Explicit git add paths, never git add . A monorepo full of unrelated WIP means one wrong glob sweeps unrelated work into autonomous commits. Every orchestrator stages exact files by path.
Three-level kill switch. touch .tmp/PAUSE halts one property. A bulk helper halts all jobs across the portfolio. Auto-pause triggers if needs-human/ accumulates more than 3 parked items.
Weekly digest as the only inbox-touching surface. No per-run pings, no per-park alerts. One Sunday email per property. If I never open the project repo, I still know what happened.
Copy-paste over premature abstraction. Four nearly-identical helpers (one per blog). No shared package. Refactor when there’s a 5th property, not before.

Results

Time freed: ~2-3h/week scattered across the calendar → ~5 min reading the Sunday email.
First live shipment: a category page deployed within 90 seconds of critic PASS — title shortened from 63 to 45 chars, description rewritten to a concrete benefit-driven phrasing.
First parked item: the critic caught a grammar agreement error plus unprovable claims that I’d have shipped manually.
Code: ~14 Python files, 8 launchd plists, 4 shell orchestrators, ~3,000 lines total.
Cost ceiling: ~$2-3/month total across 4 properties. The system trivially scales to 10× volume before hitting Resend or Claude free-tier limits.

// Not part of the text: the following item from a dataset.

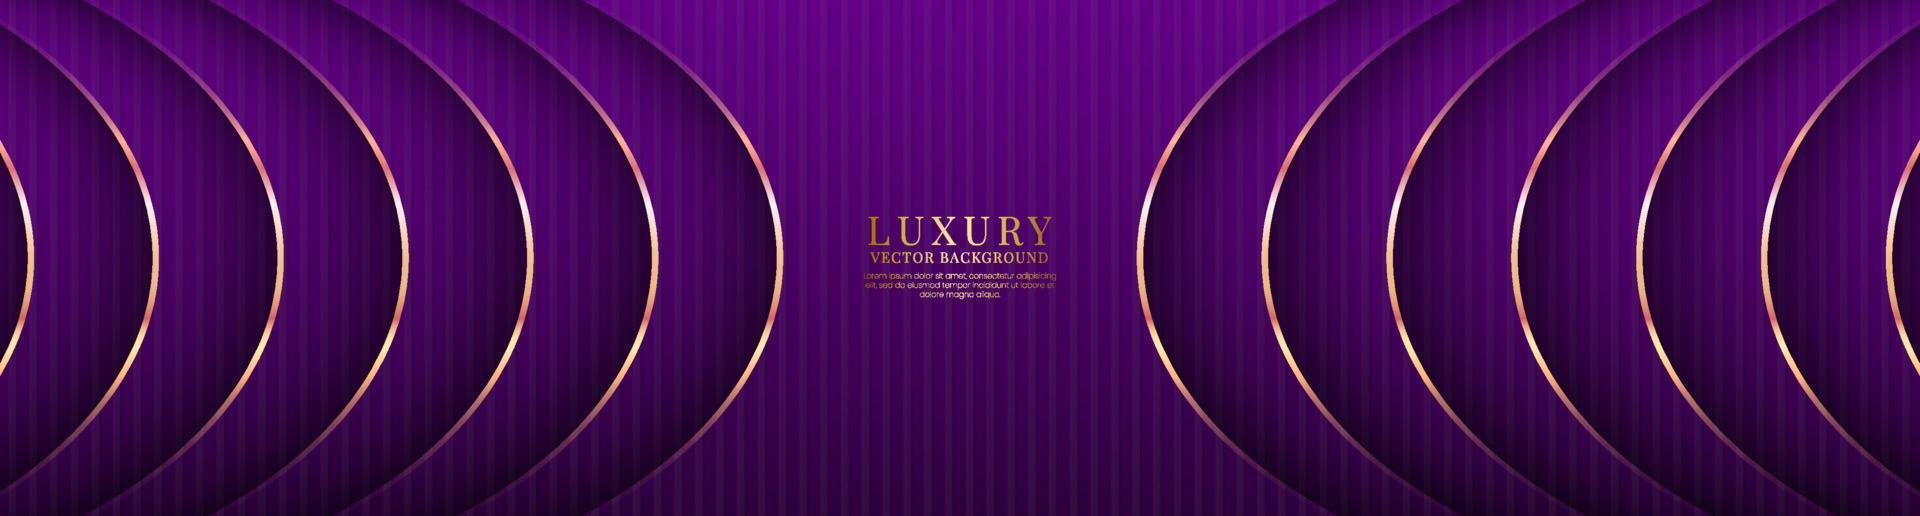 3D purple luxury abstract background overlap layers on dark space with golden curve decoration. Graphic design element cutout style concept for banner, flyer, card, brochure cover, or landing page vector

Why this engagement matters

Two things compound here.

Infrastructure that earns its keep. The migration playbook is repeatable now — three sites in a row, each iteration codifying new edge cases. Productizable as a service offering. Validated on a property with meaningful organic traffic, not a sandbox.

A reusable agentic pattern, not a blog-specific hack. Most “AI content automation” is producer-only and ships whatever the model generates. The critic gate is what makes the system safe to leave running unattended. The same shape works for cold-email outbound, sales follow-up sequences, content moderation queues, lead enrichment QA — anywhere you have (1) a deterministic queue source, (2) a Claude producer with a clear contract, (3) a Claude critic with a rigorous rubric and hard thresholds, (4) a kill switch, (5) a weekly digest you actually read.

Skip any of those and the system either does nothing useful or quietly ships garbage. With all five, it runs while you sleep.